[[ RECORDED INFORMATION, beginning ]]
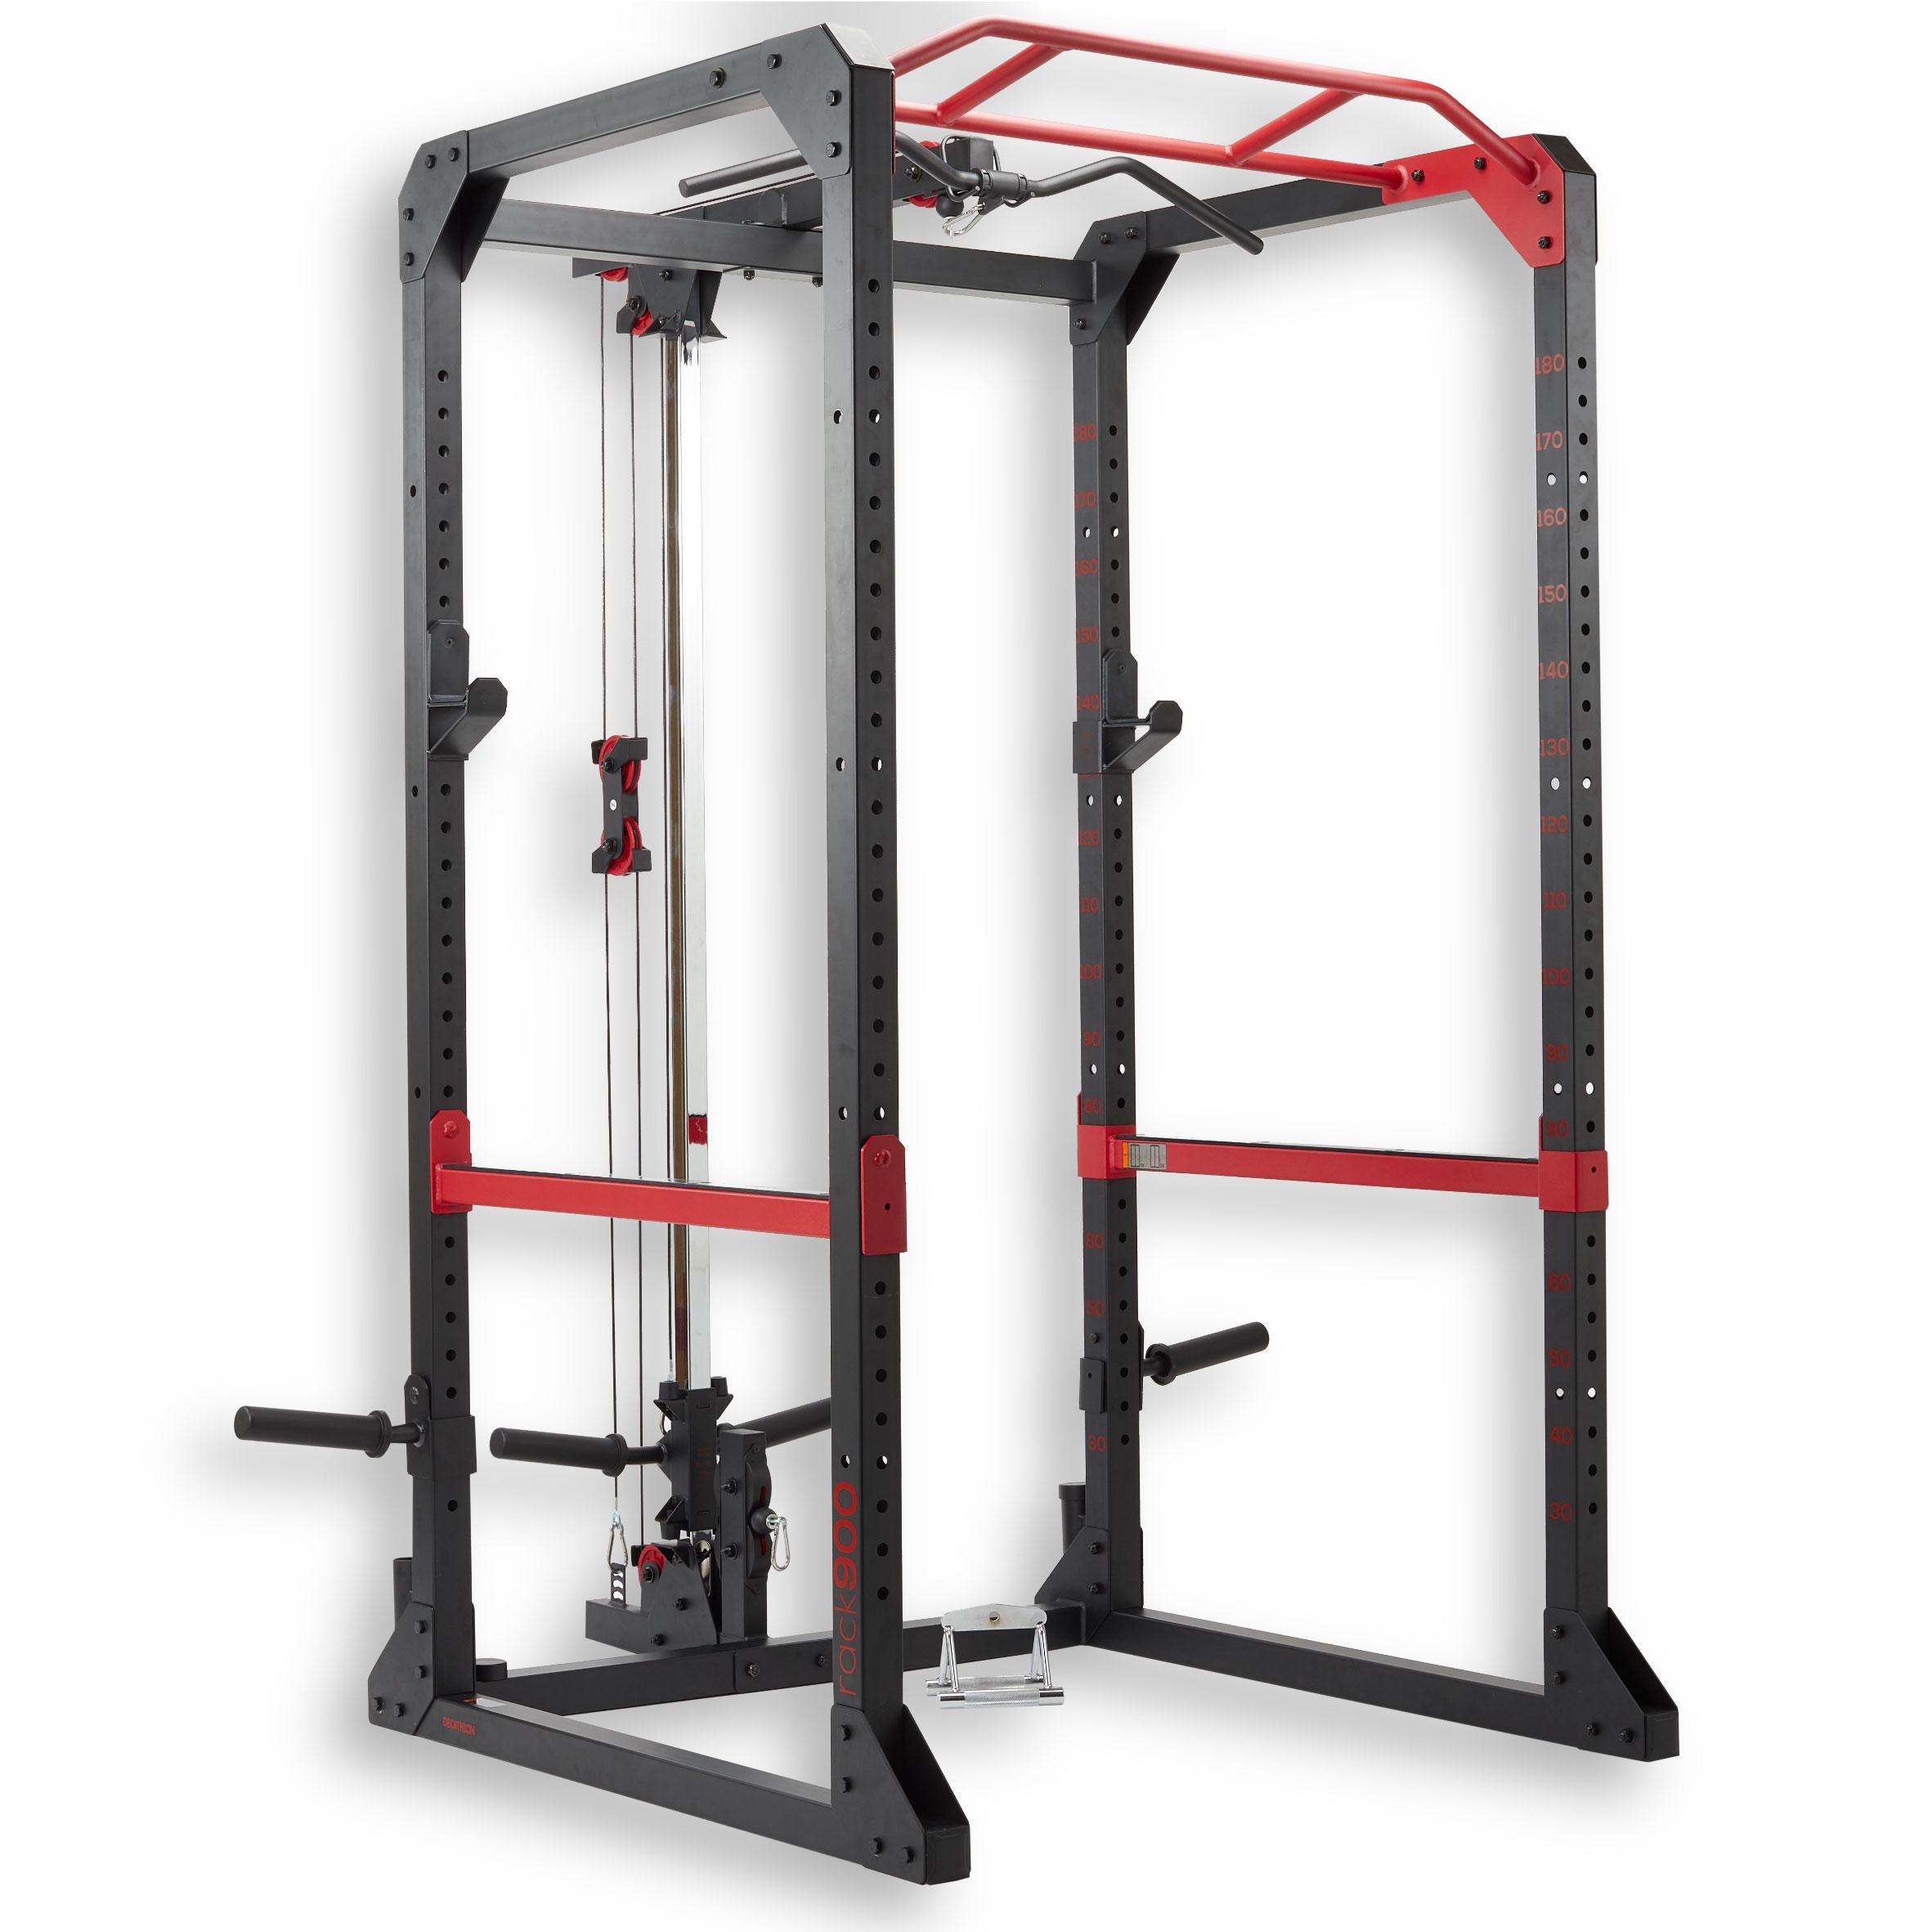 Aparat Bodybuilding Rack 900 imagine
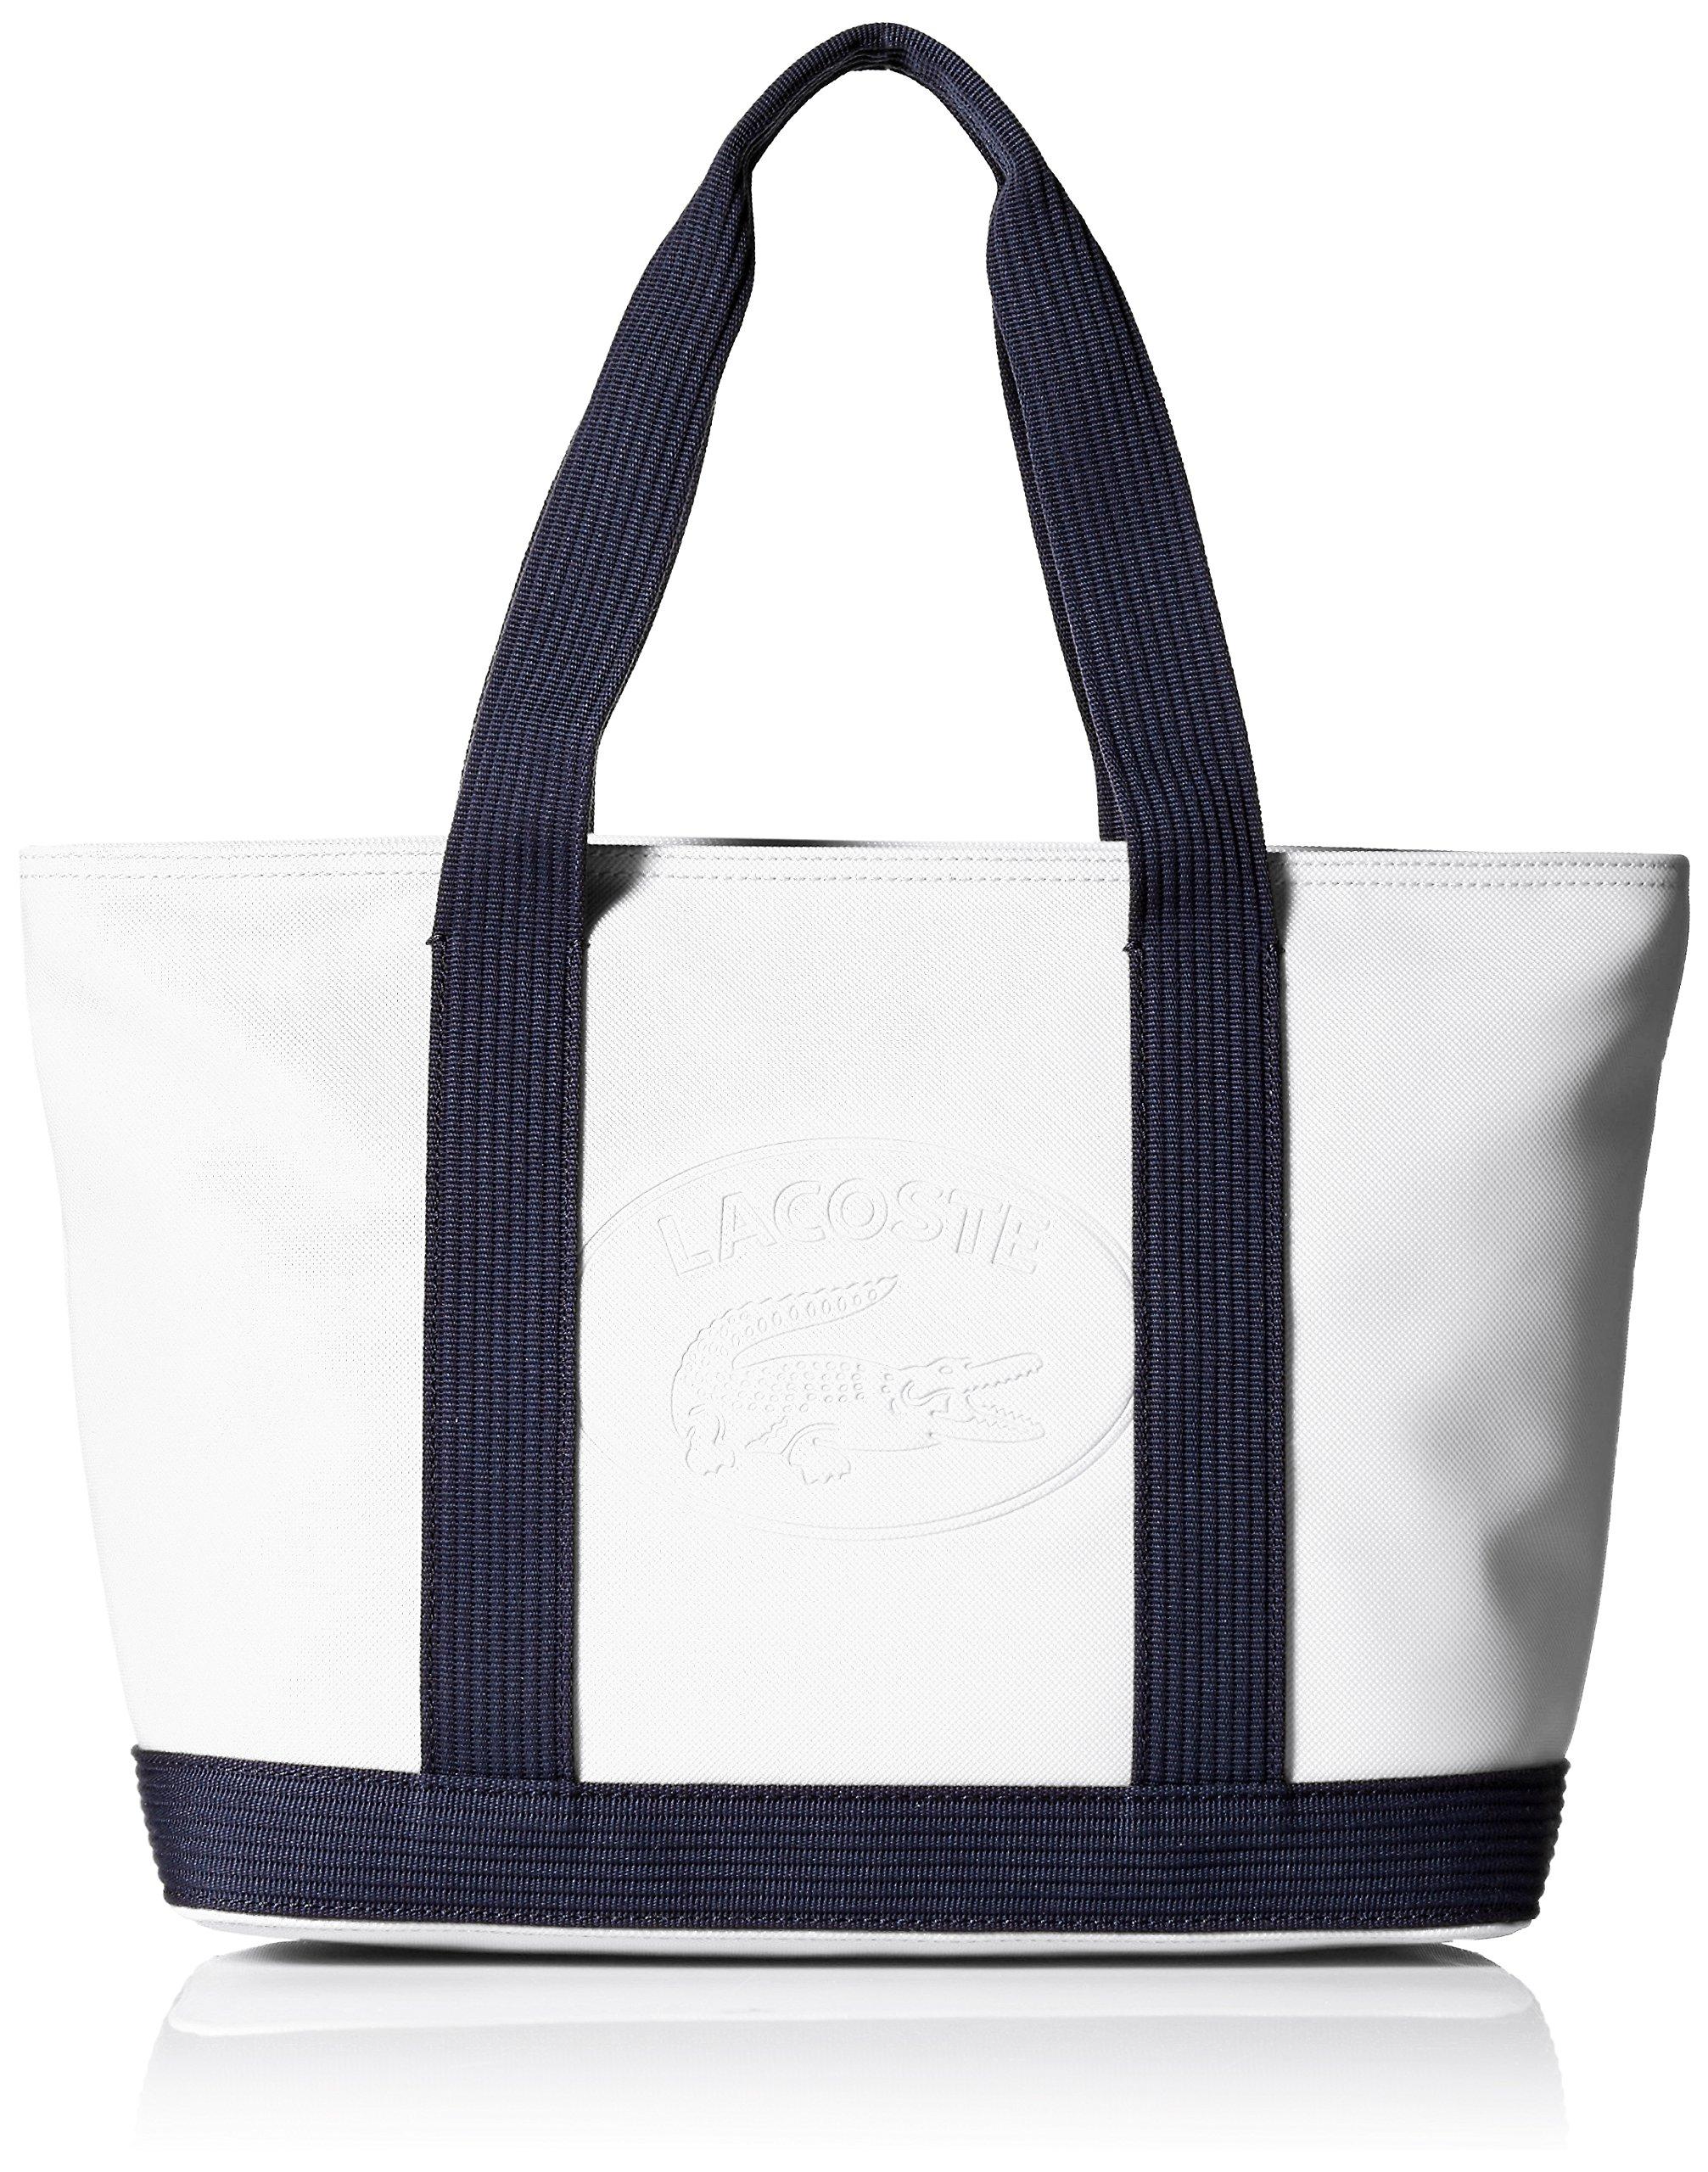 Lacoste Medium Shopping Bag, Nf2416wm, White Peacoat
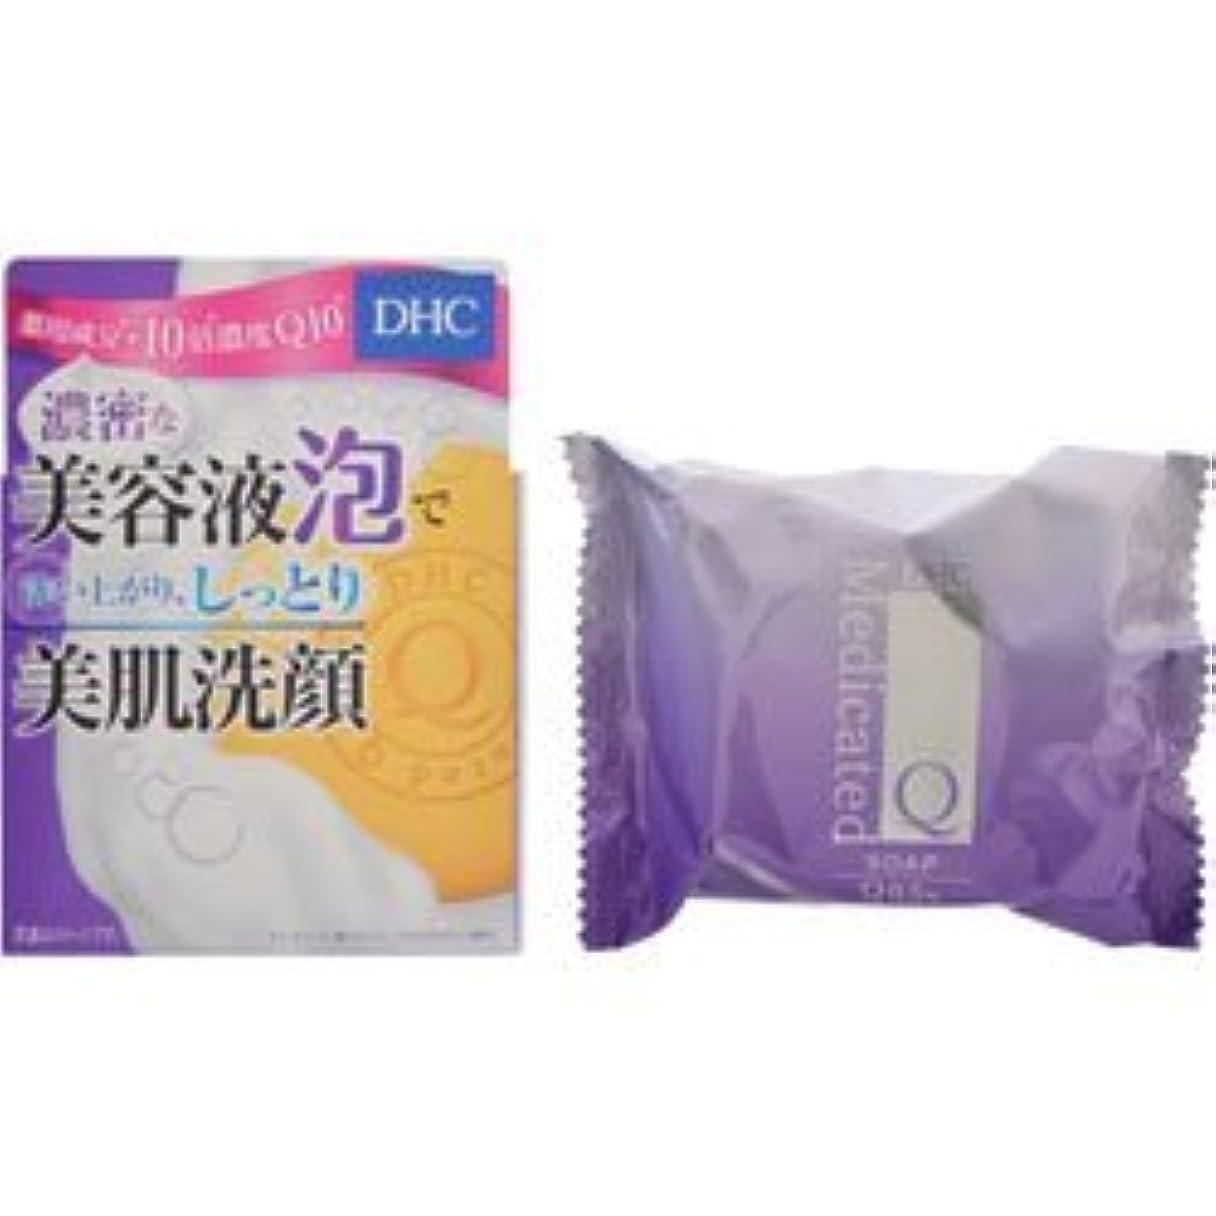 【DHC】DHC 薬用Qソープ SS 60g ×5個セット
[[ RECORDED INFORMATION, end ]]
Copy the whole listing exactly, excluding the pictures in it.

◆ **SOLUTION FOR THIS TASK**:
 Aparat Bodybuilding Rack 900 imagine
 Lacoste Medium Shopping Bag, Nf2416wm, White Peacoat
 【DHC】DHC 薬用Qソープ SS 60g ×5個セット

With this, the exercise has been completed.